When the Grass is Literally Greener on the Other Side


Transitioning away from Managed Services.
SaaS, cloud computing and hosted solutions are all really great options for a number of reasons in a variety of situations. These days it is not uncommon for a technology service to be offered that is exponentially sleeker and more cost-effective that what can be built, managed and maintained in-house. Portals, public-facing websites, and distance learning platforms are just a few examples of viable options out there. But what happens when, for whatever reason, leadership decided years ago to outsource everything. Was it convenience? Was it a weak candidate pool? Was it frustration? Today leadership puts a pen to the cost and finds the dollar figure jarring. Leadership then polls the faculty, staff and students for satisfaction levels and the numbers are less than stellar. Now what?
Transitioning away from a large-scale managed services situation is a bit like putting together a puzzle. What at first appears to be a simple, 12-piece children’s floor puzzle evolves quickly into a 1,000-piece weekend puzzle. After the puzzle is started, it is important to start questioning what the end result should look like while never forgetting that these puzzle pieces are oftentimes dedicated, valued employees. When all the right pieces appear to be there, finding the correct placement is integral. And by the way, the structure needs to be defined prior to shuffling the pieces around. Seems easy enough.

Most managed services agreements require a certain time frame of notice once the decision has been made to not continue services at contract end. The very next day action needs to be taken to map out how the transition will take place internally. Although the following five steps are in order, know that as you embark on this journey many steps will start and never end. You will forever be referring to your org chart and strategic plan to mull over the structure and its alignment with the support needs. These steps can work really well in transitions big and small:

  1. Actively seek feedback from your campus on what’s working for them from a technology service standpoint. Get in front of everyone from department chairs to residence life assistants. What ideas, concerns, significant issues and needs do they have?
  2. Assess your current organizational chart. List out current in-house talent (maybe even managed services talent), compare and talk-through your vision and structure with peer institutions, industry and check your local community college structure. Community colleges are sometimes a step ahead in efficient operations because they’re likely doing more with fewer resources.
  3. Now’s the time to focus on your plans.
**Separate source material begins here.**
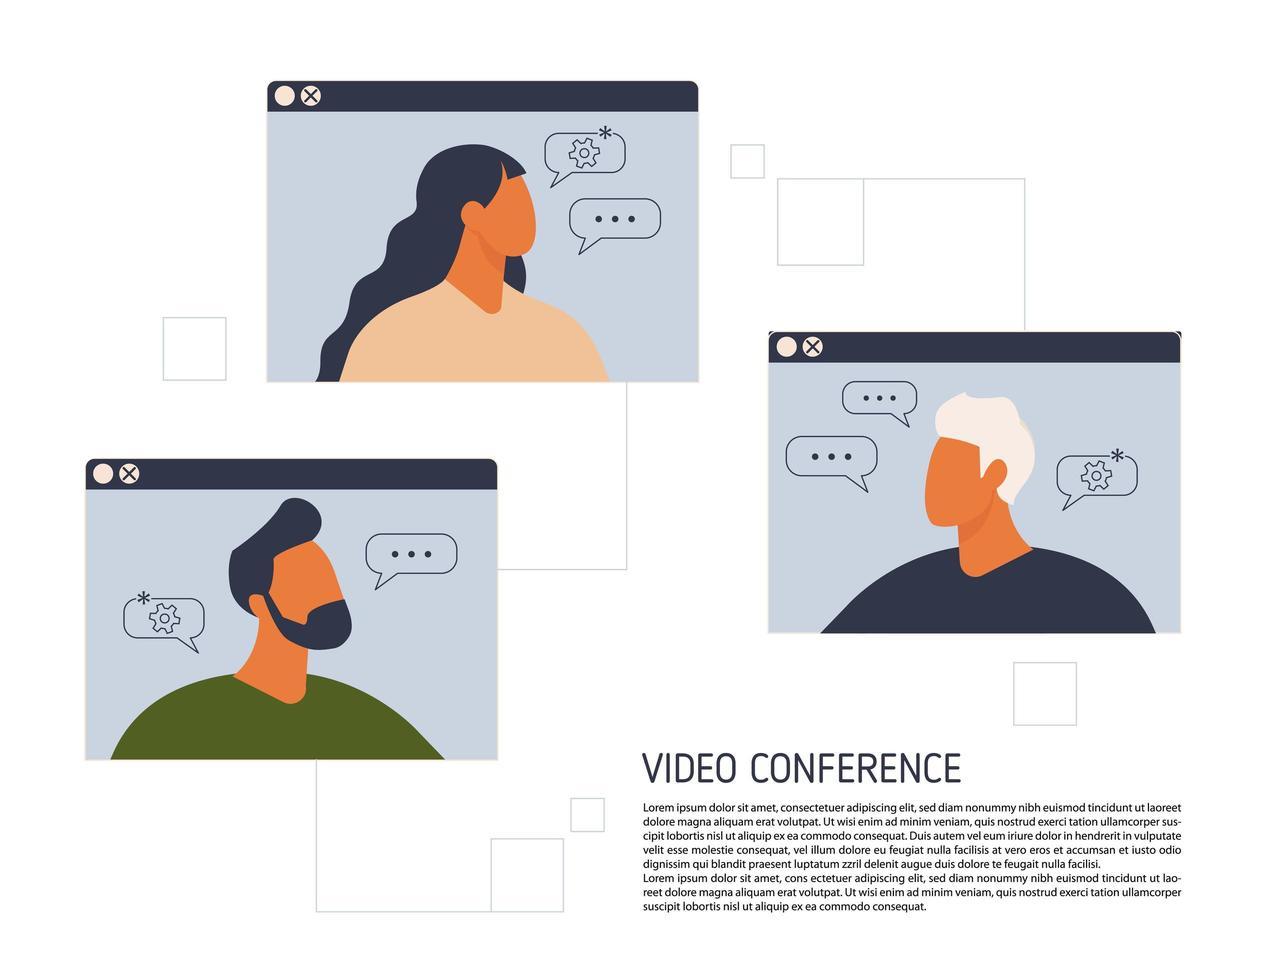 rester et travailler à domicile. illustration de vidéoconférence. lieu de travail, écran d'ordinateur portable, groupe de personnes qui parlent par internet. flux, chat Web, rencontre en ligne avec des amis. coronavirus, isolement en quarantaine. vecteur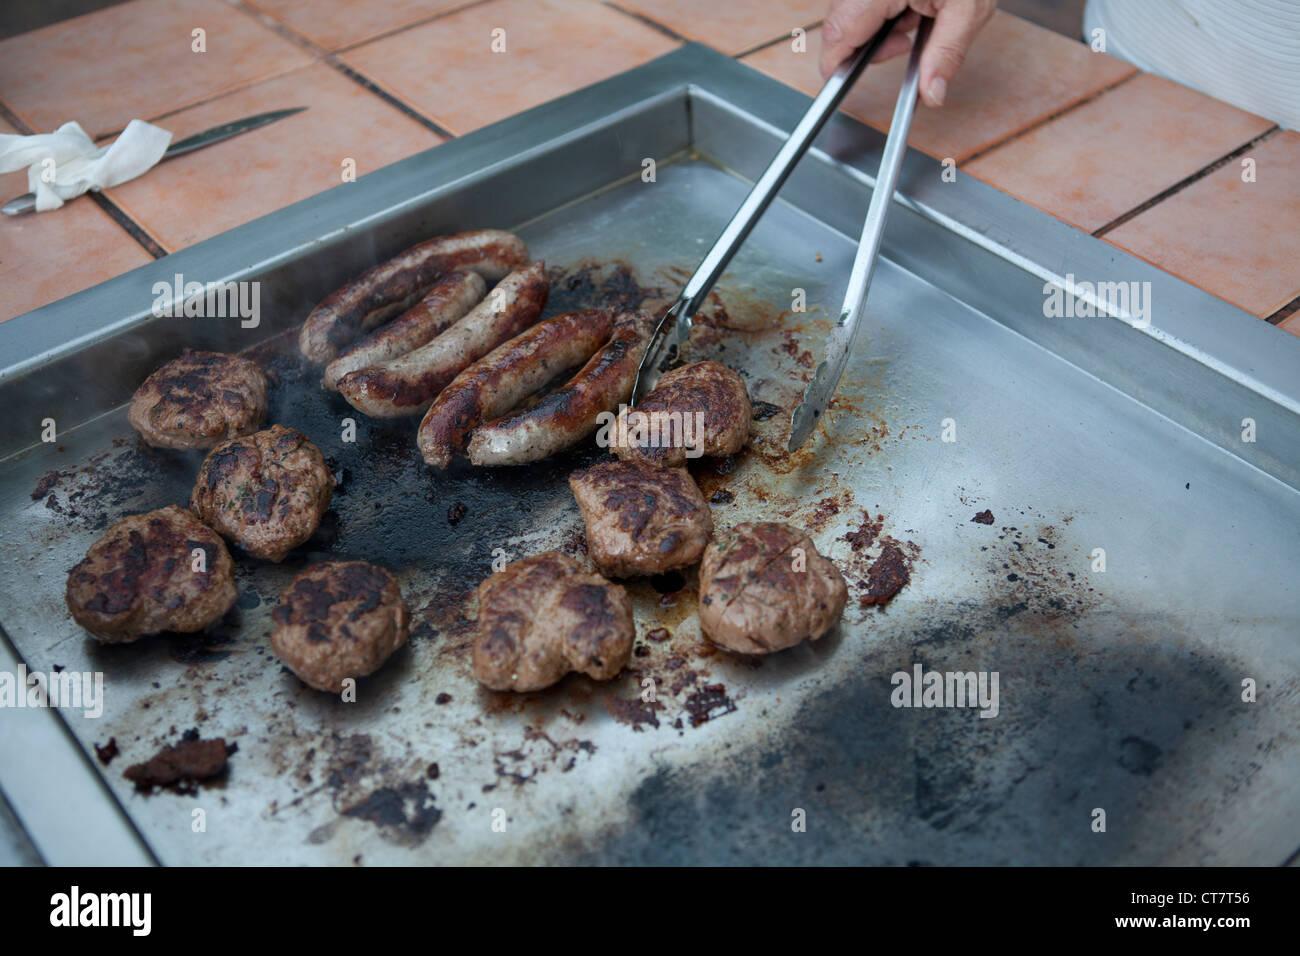 Kochen, Würstchen Und Burger Auf Ein Outdoor BBQ Grill In Western Australia

Typically a managed agreement notes a transition plan in the contract. You should not rely on that to be your plan; instead allow it to complement your bevy of in-house plans. You’ll need a project plan for molding your team, a comprehensive technology strategic plan and a clear department vision statement that supports the institutions vision and thus move away from managed services.
  4. After consternation, vet your ideas through university leadership. Next step, department leaders. Finally, your department. By now you should have a treasure map that will lead to an optimum organization structure to provide excellent service, numbers and stats from peers supporting your path all tying in to a strong strategic plan.
  5. Now’s the time to sweat the small stuff. The software/tools needed to support the service in-house, rolling in change control, cross-training, signage, business cards, etc.
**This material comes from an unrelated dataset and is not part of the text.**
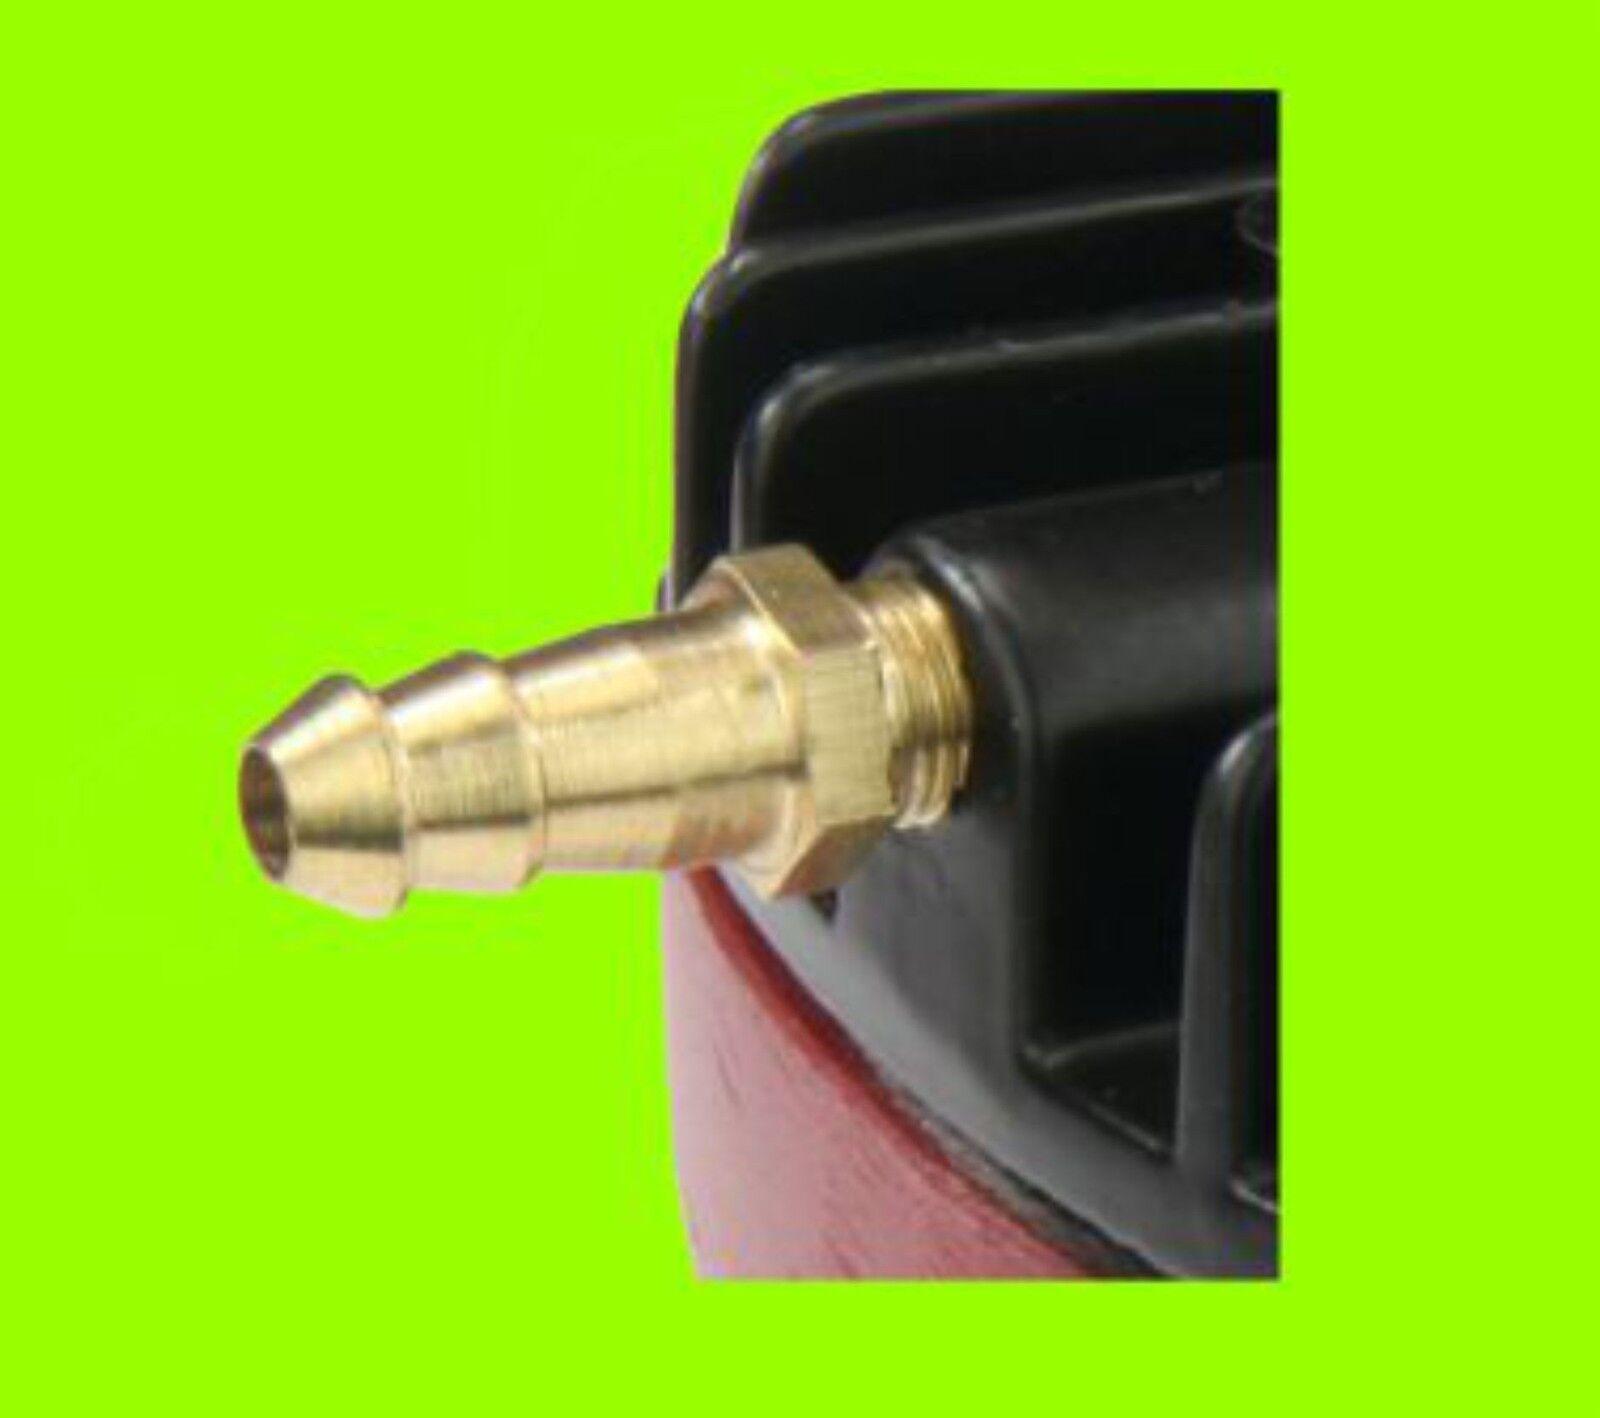 Hailea ACO 12 Volt 006D plus 5 m Schlauch Kompressor, Kompressor, Schlauch Luftpumpe Köderfisch PKW f5ce2c

Throughout the transition discussions and deliberations, communication, transparency and support are crucial. And although a big driver to transition away from a managed services situation might be cost savings, your selling point needs to be improved service. Why? Yes, evaluations can and likely should be run making a case for continuous IT savings; however technology will always be a budget-dependent operation. The largest savings are often indirect by automation of processes, green efficiencies, less time spent on repetitive tasks.

Managed services arrangements for significant technology buckets (enterprise network services, ERP support, etc.) can be a great stopgap option for unexpected high turnover in a poor candidate pool environment. In addition, for many institutions it might be ‘easier’ to scrape together operational funds versus headcount and/or payroll.  Not unlike soda machines and restaurants, with managed services you are paying for convenience. And when it comes to major systems support convenience, the markup can easily be in the several hundred percent range. Aside from the possible cost-factor, you are paying for a team dedicated to the provider, not you or your customers, end-users, although the sales team will sell the exact opposite of that.

Technology promises to play an active role in higher education for the unforeseeable future in areas of, but not limited to, streamlining efficiencies, automating processes, empowering data-driven decisions, providing students with the learning environment they seek, supporting the teaching environment professors need to ‘teach more, administrate less’, and providing the veritable backbone for every department serving the institution. While many outlying services and softwares may reside quite comfortably in the cloud, every college needs a strong, cohesive, dedicated core team to best serve their end-users who are, in this day and age, everyone.